■ **INFORMATION SHOWN**:
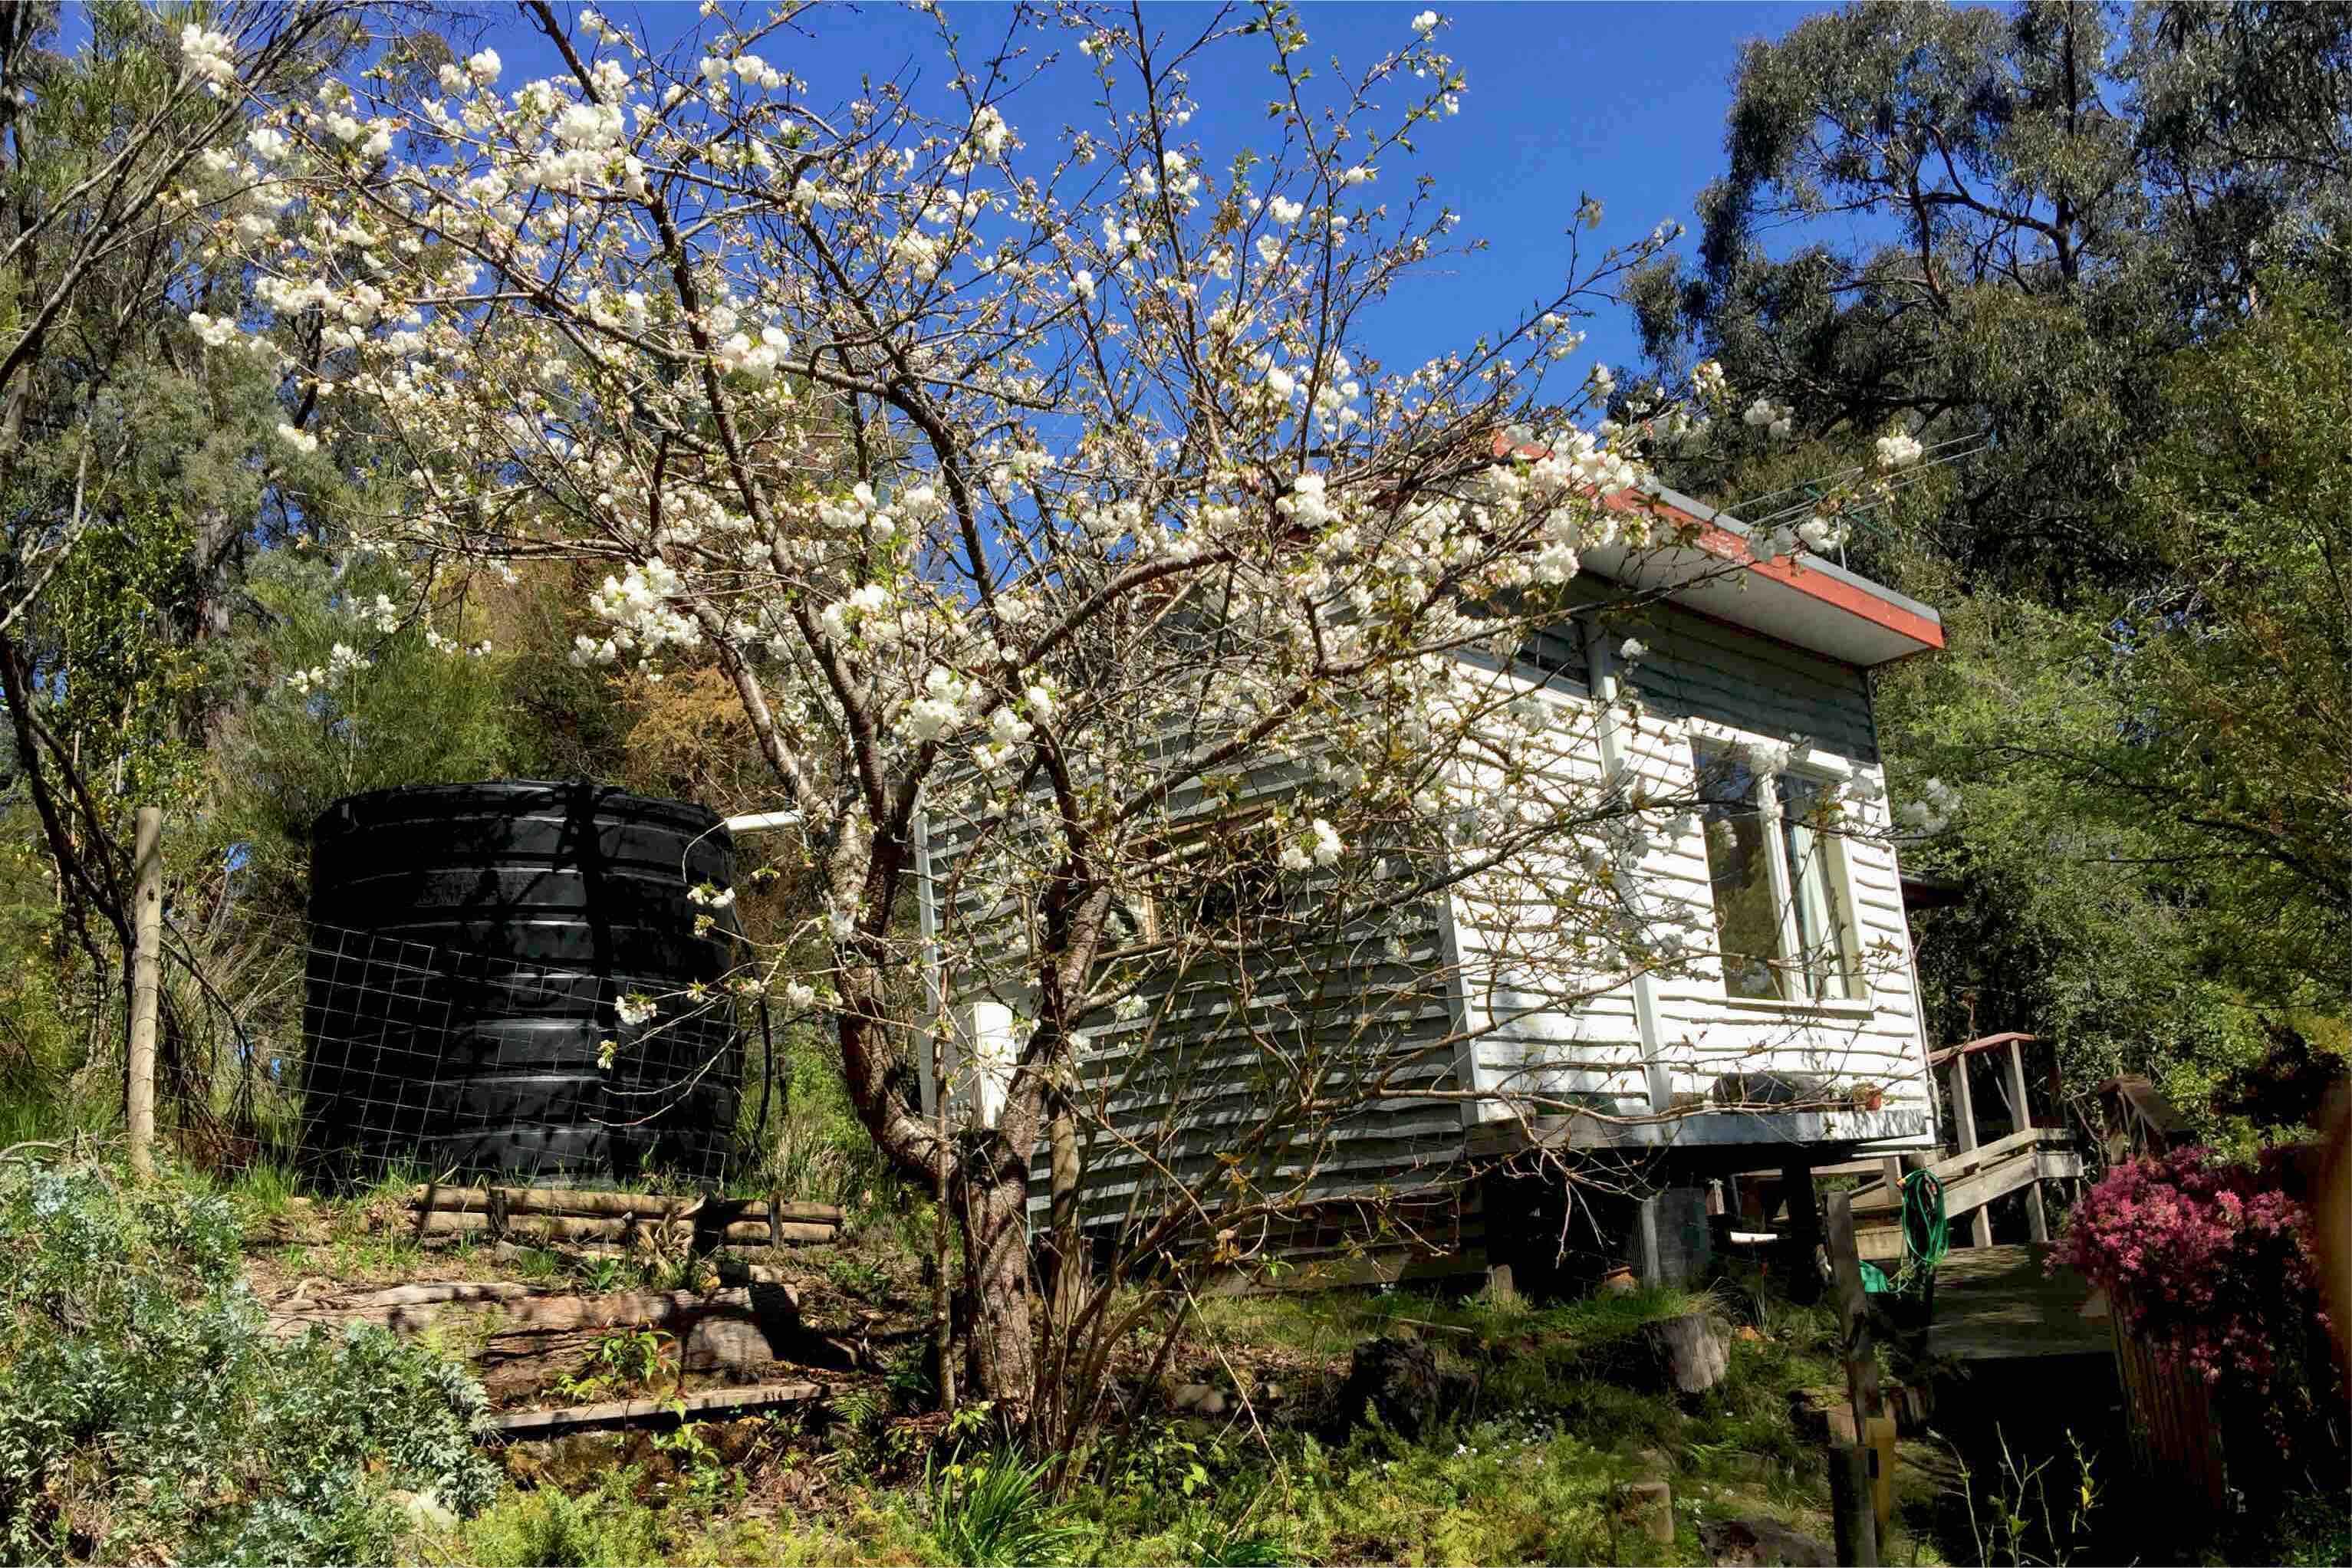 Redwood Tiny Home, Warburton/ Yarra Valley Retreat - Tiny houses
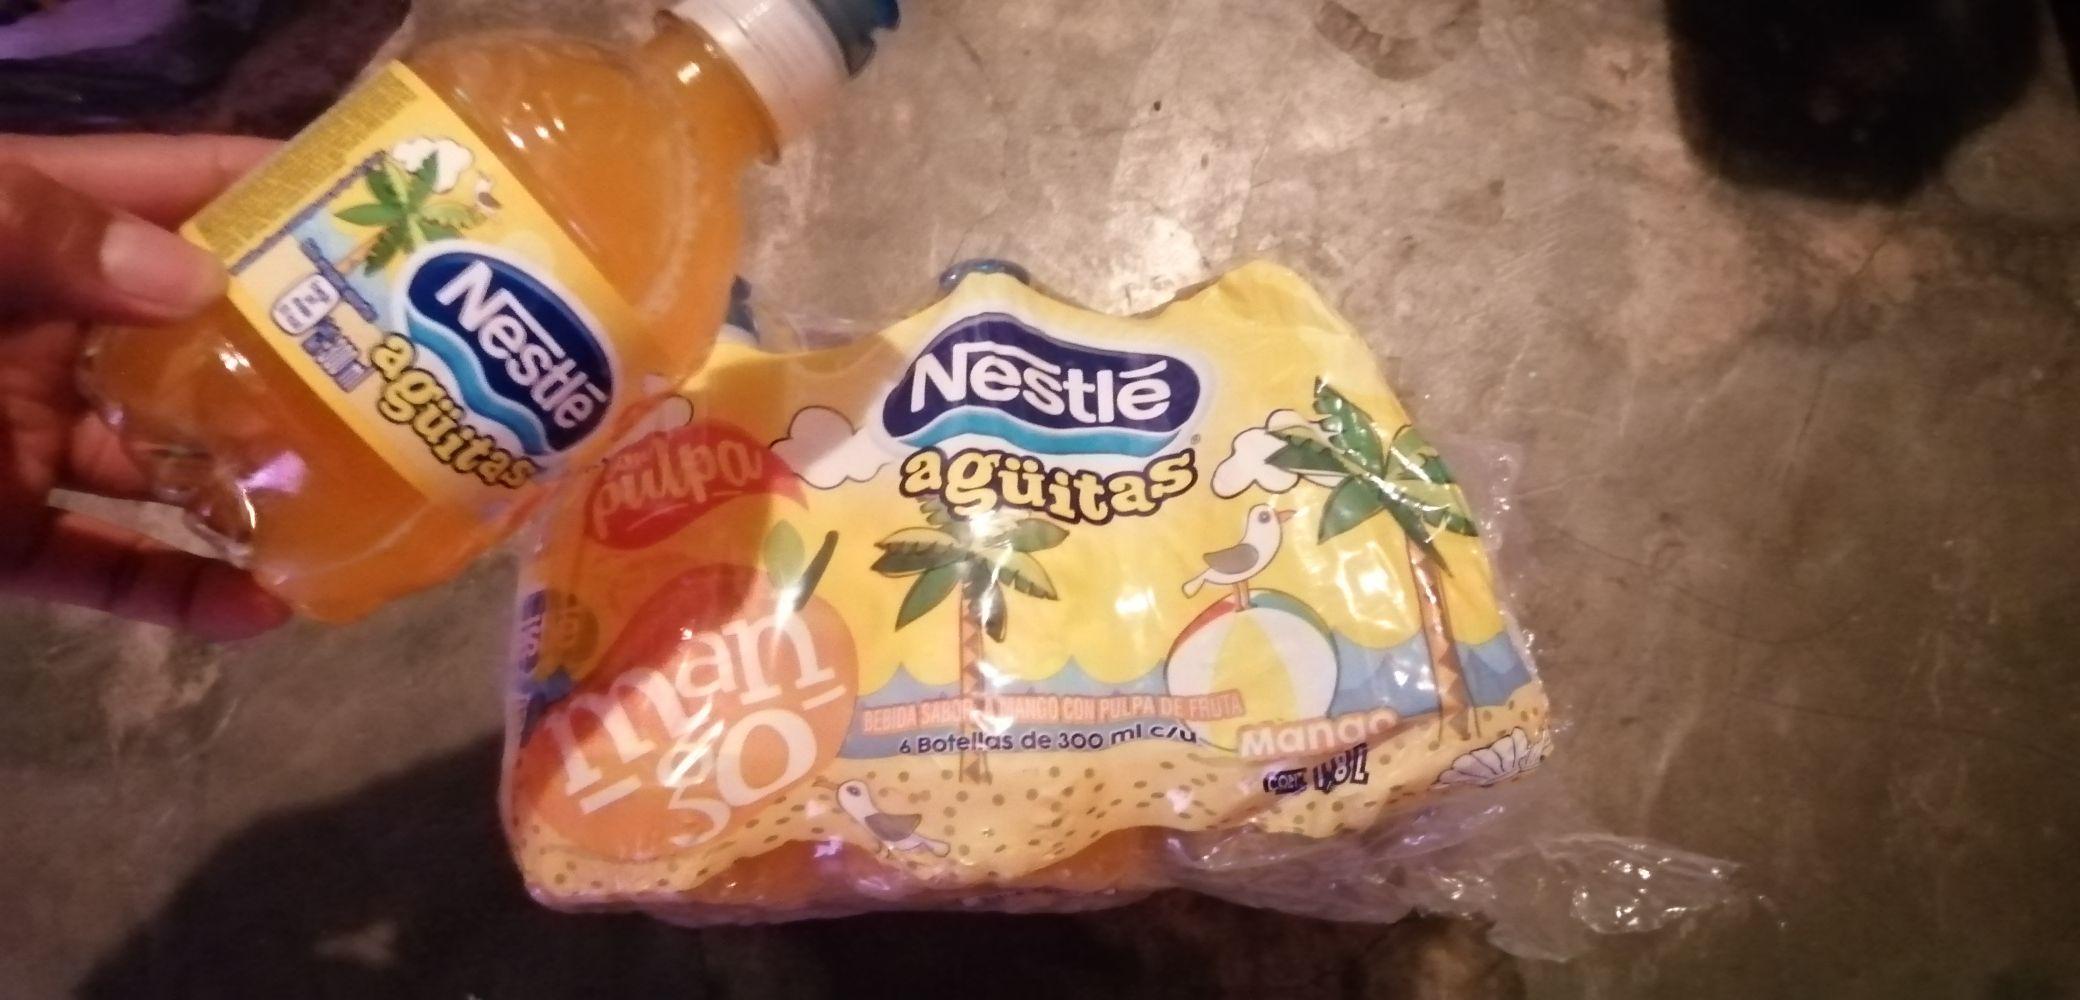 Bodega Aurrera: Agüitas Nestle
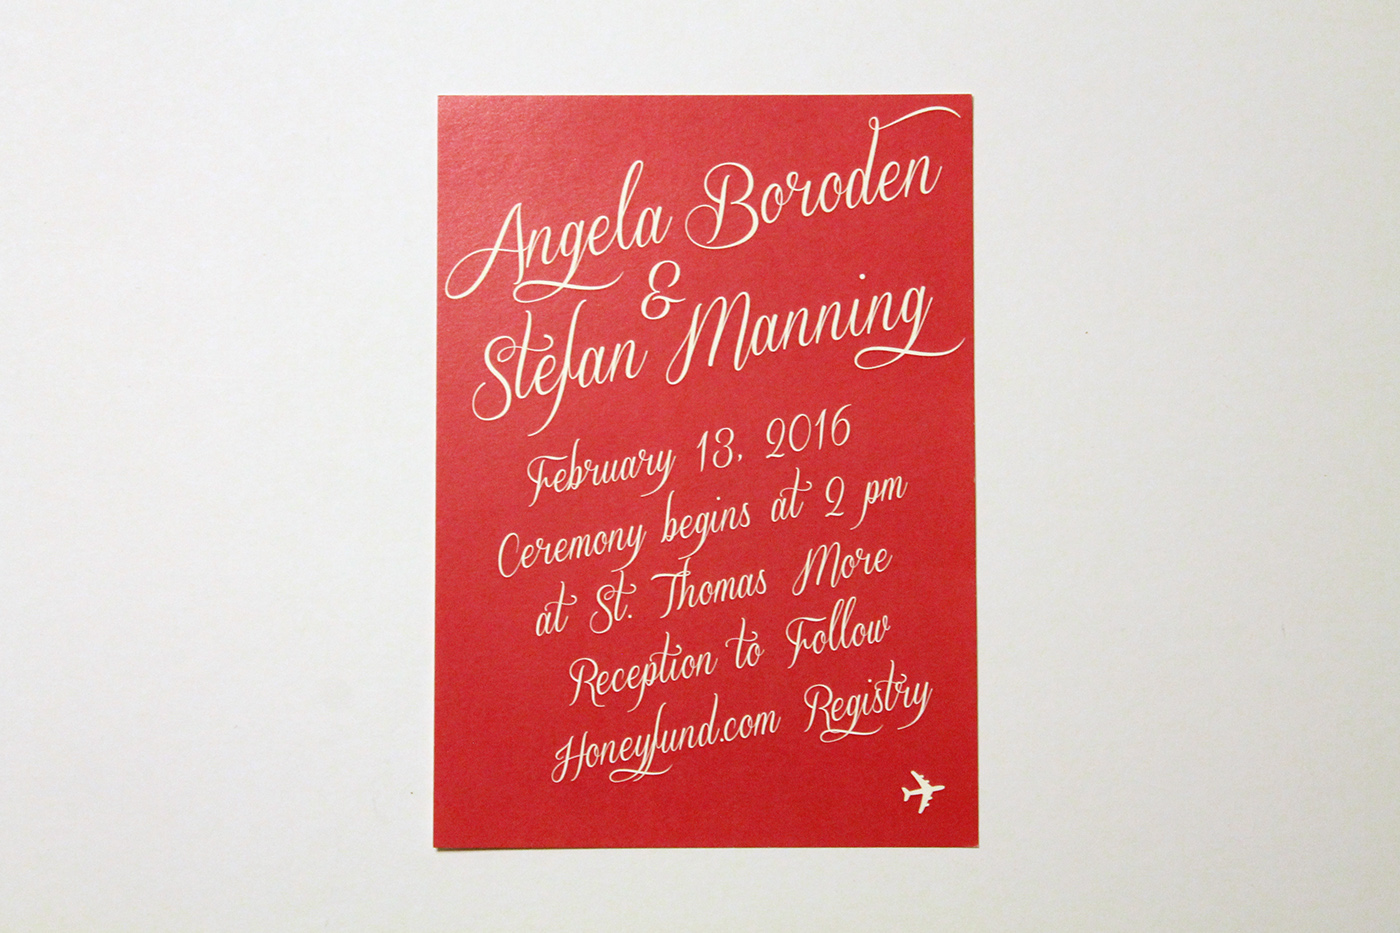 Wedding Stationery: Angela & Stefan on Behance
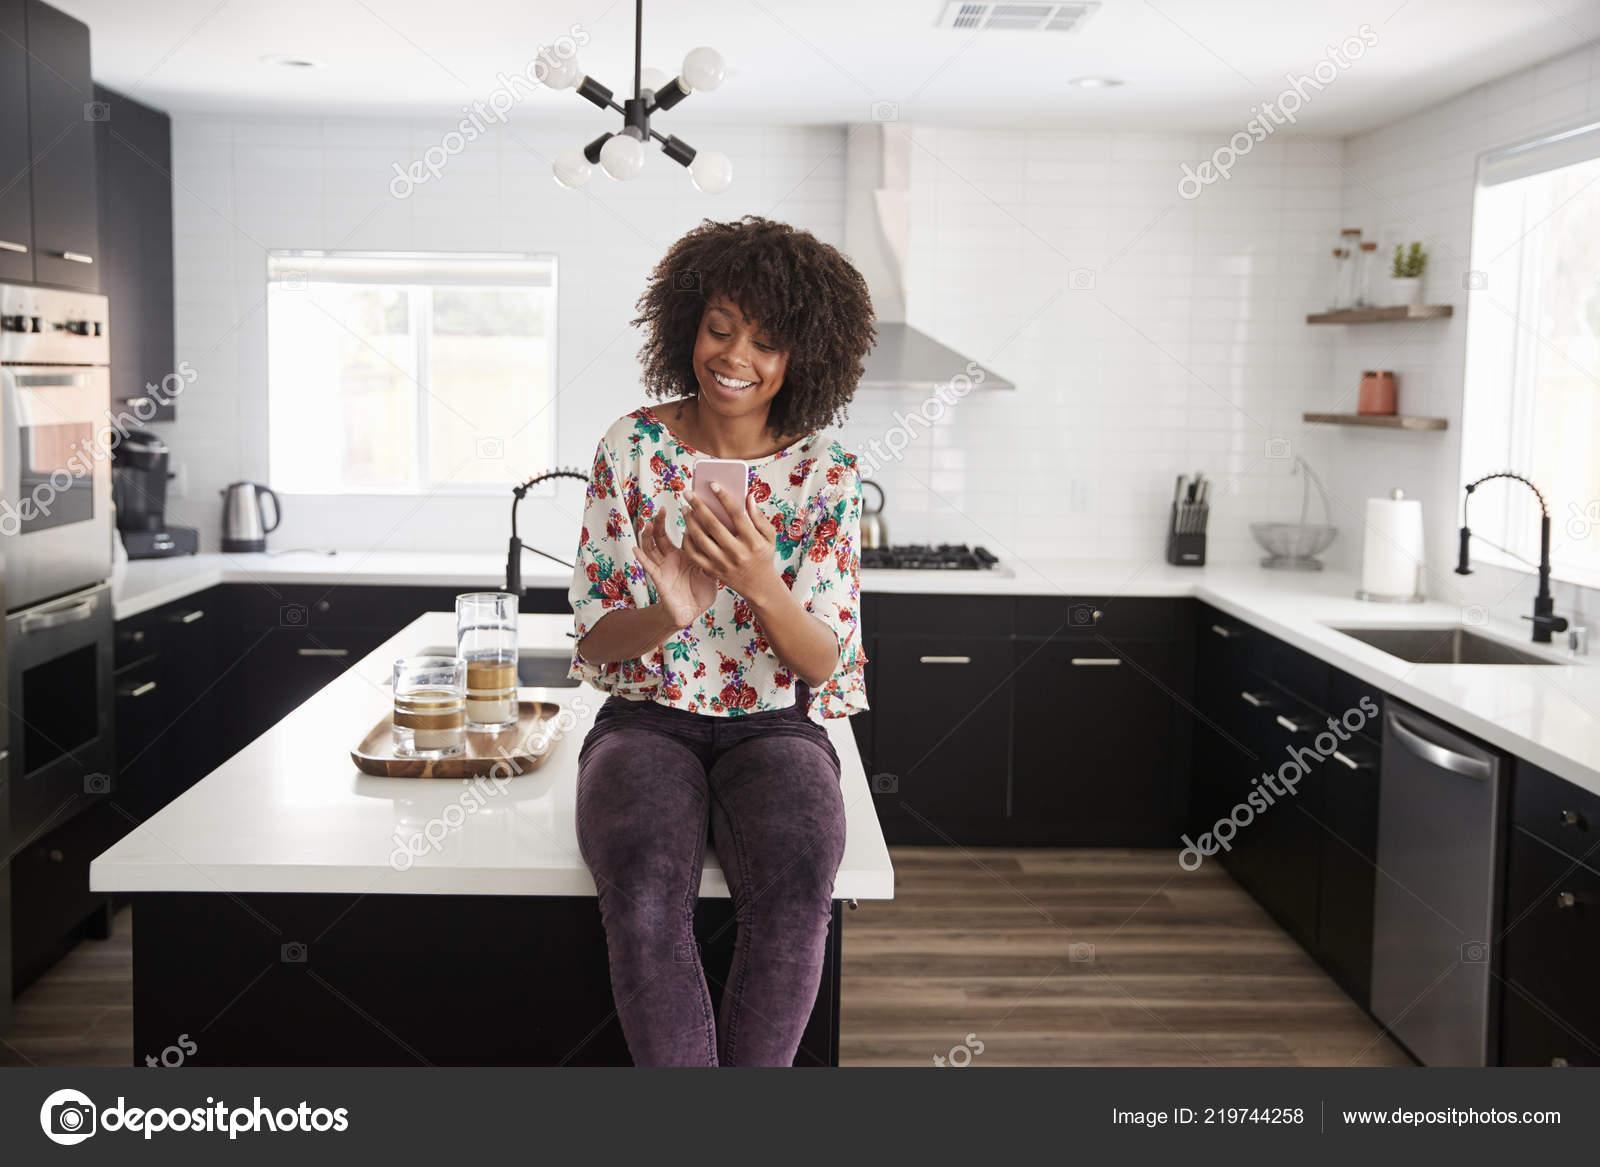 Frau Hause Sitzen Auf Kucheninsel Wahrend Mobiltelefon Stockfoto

■ **TO DO**:
Start with the line that holds "Bodega Aurrera: Agüitas Nestle" and retype each line through the last one in the data, exactly and without pictures.

■ **RESPONSE**:
 Bodega Aurrera: Agüitas Nestle
 Wedding Stationery: Angela & Stefan on Behance
 Frau Hause Sitzen Auf Kucheninsel Wahrend Mobiltelefon Stockfoto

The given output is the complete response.